Pijn treft veel mensen en veroorzaakt niet alleen veel persoonlijk leed, maar sluit grote groepen mensen uit van maatschappelijke participatie en brengt dientengevolge ook hoge kosten voor de samenleving met zich mee. Momenteel is het thema ‘pijn’ evenwel slechts gefragmenteerd in het onderwijscurriculum van zorgverleners binnen de HAN opgenomen. Docenten zijn vaak onvoldoende onderlegd op het gebied van pijn en beschikbare richtlijnen worden onvoldoende in de praktijk gebruikt. Ook praktijkgericht onderzoek naar preventie en behandeling van pijn wordt onvoldoende opgezet. Deze postdoc aanstelling biedt een unieke kans om het thema ‘Intensieve pijnzorg’ voor verpleegkundigen en paramedici verder te ontwikkelen en te verbinden in zowel het onderwijs als het praktijkgerichte onderzoek.
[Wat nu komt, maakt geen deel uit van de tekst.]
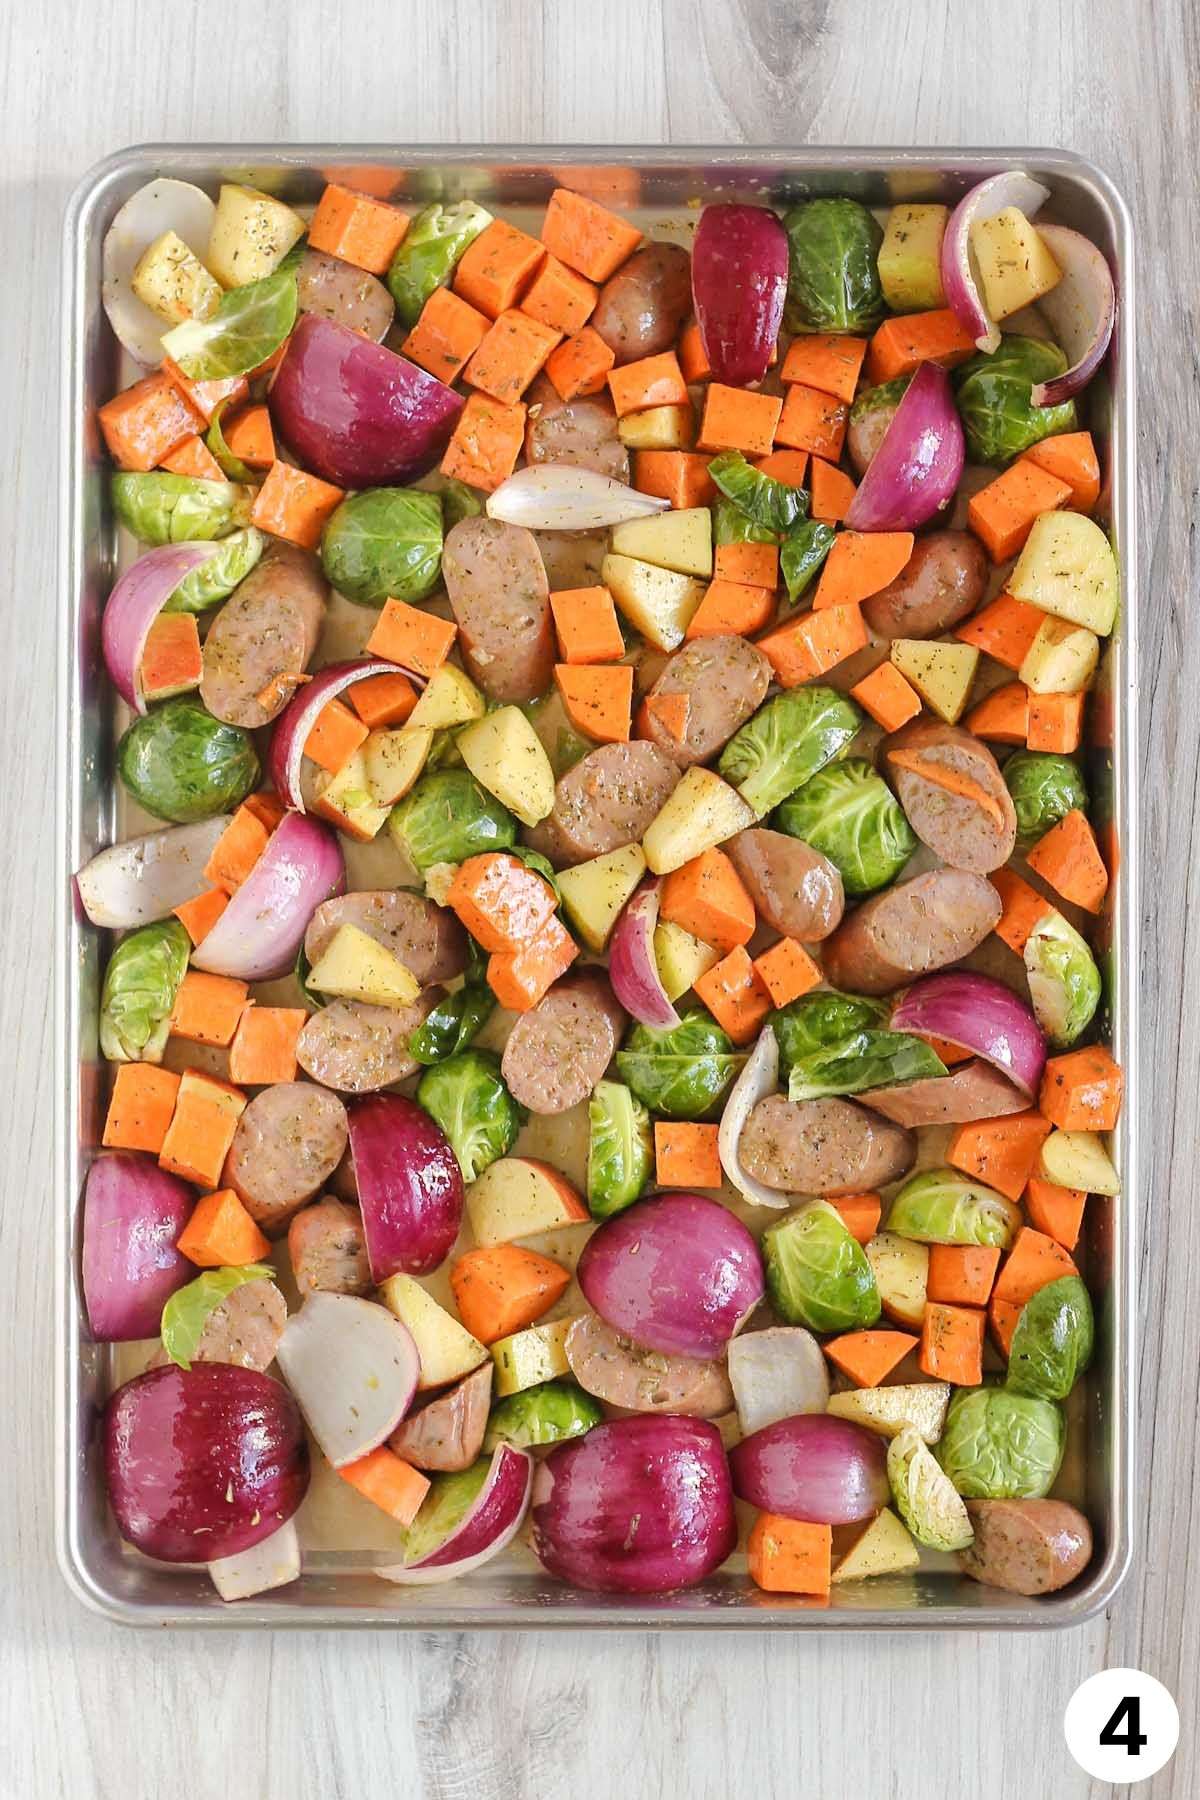 Sliced chicken sausage, chopped vegetables, and chopped apple on a large baking sheet before being cooked.

Hierbij kan worden aangesloten bij wat de afgelopen jaren is ontwikkeld aan onderwijs en onderzoek door de kandidaat zelf. De kandidaat bevindt zich in de unieke positie waarin zij haar functie als docent en coördinator in Bachelor, post-hbo en Master van de Hogeschool Arnhem en Nijmegen (HAN) combineert met zowel een functie als onderzoeker en verpleegkundig pijnexpert aan het Radboudumc, als met een functie als voorzitter van de afdeling Pijnverpleegkundigen van Verpleegkundigen en Verzorgenden Nederland (V&VN). De kandidaat beschikt over een uitgebreid nationaal en internationaal netwerk waarin zij een voortrekkende rol vervult. De activiteiten van de kandidaat zullen in de postdoc periode zijn gericht op onderzoek naar preventie van acute en chronische postoperatieve pijn met daaraan verbonden complicaties en het verbeteren van onderwijs over pijn. Deze activiteiten passen bij de activiteiten van het HAN kenniscentrum Duurzame Zorg en meer specifiek het Lectoraat Acute Intensieve Zorg (LAIZ) en zwaartepunt Health. De HAN is tevens de enige opleider in Nederland die op (post-)hbo niveau opleidingen en cursussen aanbiedt op het thema pijn voor verpleegkundigen. Hierin wordt, evenals voor het onderzoek, nauw samengewerkt met het Radboud Expertisecentrum Pijn en Palliatieve Geneeskunde (REPPG).